*** Opening Supplied entries ***

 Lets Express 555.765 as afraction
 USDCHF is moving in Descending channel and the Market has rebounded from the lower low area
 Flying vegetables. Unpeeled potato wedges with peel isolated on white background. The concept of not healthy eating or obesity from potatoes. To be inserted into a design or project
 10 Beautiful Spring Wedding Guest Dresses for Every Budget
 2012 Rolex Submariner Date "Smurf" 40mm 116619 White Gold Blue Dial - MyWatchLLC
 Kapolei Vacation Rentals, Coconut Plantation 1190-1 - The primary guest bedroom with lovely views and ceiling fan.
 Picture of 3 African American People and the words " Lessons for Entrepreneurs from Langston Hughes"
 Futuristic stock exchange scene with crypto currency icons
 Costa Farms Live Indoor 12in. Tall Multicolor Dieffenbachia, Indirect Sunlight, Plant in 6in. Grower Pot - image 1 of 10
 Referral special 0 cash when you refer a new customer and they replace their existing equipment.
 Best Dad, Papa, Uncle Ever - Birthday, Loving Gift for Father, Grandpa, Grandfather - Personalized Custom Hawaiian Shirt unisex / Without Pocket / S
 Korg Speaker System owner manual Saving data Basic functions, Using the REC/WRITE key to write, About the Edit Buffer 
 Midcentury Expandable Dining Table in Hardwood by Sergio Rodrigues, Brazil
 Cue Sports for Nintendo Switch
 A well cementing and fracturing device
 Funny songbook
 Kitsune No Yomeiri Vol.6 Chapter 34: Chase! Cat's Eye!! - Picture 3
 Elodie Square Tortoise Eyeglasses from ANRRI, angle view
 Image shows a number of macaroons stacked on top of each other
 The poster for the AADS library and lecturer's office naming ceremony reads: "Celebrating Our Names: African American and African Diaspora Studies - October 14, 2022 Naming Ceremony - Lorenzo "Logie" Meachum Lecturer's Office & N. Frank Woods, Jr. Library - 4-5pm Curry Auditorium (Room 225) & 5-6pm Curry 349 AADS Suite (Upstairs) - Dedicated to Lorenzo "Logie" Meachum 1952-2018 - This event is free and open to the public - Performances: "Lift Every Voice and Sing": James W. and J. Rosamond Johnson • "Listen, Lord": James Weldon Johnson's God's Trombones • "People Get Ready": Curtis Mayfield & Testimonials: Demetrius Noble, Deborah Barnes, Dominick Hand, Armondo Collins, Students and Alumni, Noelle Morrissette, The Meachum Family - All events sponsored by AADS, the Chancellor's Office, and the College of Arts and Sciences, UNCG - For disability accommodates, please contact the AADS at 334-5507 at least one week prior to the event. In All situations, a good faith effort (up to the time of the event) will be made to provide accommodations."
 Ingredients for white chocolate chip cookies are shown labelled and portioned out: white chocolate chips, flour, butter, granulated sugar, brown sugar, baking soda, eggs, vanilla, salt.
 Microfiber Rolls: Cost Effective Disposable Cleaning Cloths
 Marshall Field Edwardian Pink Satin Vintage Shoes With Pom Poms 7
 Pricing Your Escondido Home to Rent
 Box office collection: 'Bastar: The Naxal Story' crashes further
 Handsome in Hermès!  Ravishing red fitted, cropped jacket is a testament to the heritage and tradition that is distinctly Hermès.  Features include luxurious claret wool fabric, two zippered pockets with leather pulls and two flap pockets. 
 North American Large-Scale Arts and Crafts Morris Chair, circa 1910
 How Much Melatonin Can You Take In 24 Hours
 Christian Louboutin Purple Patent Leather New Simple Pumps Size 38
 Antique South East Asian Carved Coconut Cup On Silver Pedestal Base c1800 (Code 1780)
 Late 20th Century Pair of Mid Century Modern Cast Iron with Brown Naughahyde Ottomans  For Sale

*** Closing Supplied entries ***

= Instructions for the task =
Each record above should be set down again in its exact wording.

= Task result =
 Lets Express 555.765 as afraction
 USDCHF is moving in Descending channel and the Market has rebounded from the lower low area
 Flying vegetables. Unpeeled potato wedges with peel isolated on white background. The concept of not healthy eating or obesity from potatoes. To be inserted into a design or project
 10 Beautiful Spring Wedding Guest Dresses for Every Budget
 2012 Rolex Submariner Date "Smurf" 40mm 116619 White Gold Blue Dial - MyWatchLLC
 Kapolei Vacation Rentals, Coconut Plantation 1190-1 - The primary guest bedroom with lovely views and ceiling fan.
 Picture of 3 African American People and the words " Lessons for Entrepreneurs from Langston Hughes"
 Futuristic stock exchange scene with crypto currency icons
 Costa Farms Live Indoor 12in. Tall Multicolor Dieffenbachia, Indirect Sunlight, Plant in 6in. Grower Pot - image 1 of 10
 Referral special 0 cash when you refer a new customer and they replace their existing equipment.
 Best Dad, Papa, Uncle Ever - Birthday, Loving Gift for Father, Grandpa, Grandfather - Personalized Custom Hawaiian Shirt unisex / Without Pocket / S
 Korg Speaker System owner manual Saving data Basic functions, Using the REC/WRITE key to write, About the Edit Buffer 
 Midcentury Expandable Dining Table in Hardwood by Sergio Rodrigues, Brazil
 Cue Sports for Nintendo Switch
 A well cementing and fracturing device
 Funny songbook
 Kitsune No Yomeiri Vol.6 Chapter 34: Chase! Cat's Eye!! - Picture 3
 Elodie Square Tortoise Eyeglasses from ANRRI, angle view
 Image shows a number of macaroons stacked on top of each other
 The poster for the AADS library and lecturer's office naming ceremony reads: "Celebrating Our Names: African American and African Diaspora Studies - October 14, 2022 Naming Ceremony - Lorenzo "Logie" Meachum Lecturer's Office & N. Frank Woods, Jr. Library - 4-5pm Curry Auditorium (Room 225) & 5-6pm Curry 349 AADS Suite (Upstairs) - Dedicated to Lorenzo "Logie" Meachum 1952-2018 - This event is free and open to the public - Performances: "Lift Every Voice and Sing": James W. and J. Rosamond Johnson • "Listen, Lord": James Weldon Johnson's God's Trombones • "People Get Ready": Curtis Mayfield & Testimonials: Demetrius Noble, Deborah Barnes, Dominick Hand, Armondo Collins, Students and Alumni, Noelle Morrissette, The Meachum Family - All events sponsored by AADS, the Chancellor's Office, and the College of Arts and Sciences, UNCG - For disability accommodates, please contact the AADS at 334-5507 at least one week prior to the event. In All situations, a good faith effort (up to the time of the event) will be made to provide accommodations."
 Ingredients for white chocolate chip cookies are shown labelled and portioned out: white chocolate chips, flour, butter, granulated sugar, brown sugar, baking soda, eggs, vanilla, salt.
 Microfiber Rolls: Cost Effective Disposable Cleaning Cloths
 Marshall Field Edwardian Pink Satin Vintage Shoes With Pom Poms 7
 Pricing Your Escondido Home to Rent
 Box office collection: 'Bastar: The Naxal Story' crashes further
 Handsome in Hermès!  Ravishing red fitted, cropped jacket is a testament to the heritage and tradition that is distinctly Hermès.  Features include luxurious claret wool fabric, two zippered pockets with leather pulls and two flap pockets. 
 North American Large-Scale Arts and Crafts Morris Chair, circa 1910
 How Much Melatonin Can You Take In 24 Hours
 Christian Louboutin Purple Patent Leather New Simple Pumps Size 38
 Antique South East Asian Carved Coconut Cup On Silver Pedestal Base c1800 (Code 1780)
 Late 20th Century Pair of Mid Century Modern Cast Iron with Brown Naughahyde Ottomans  For Sale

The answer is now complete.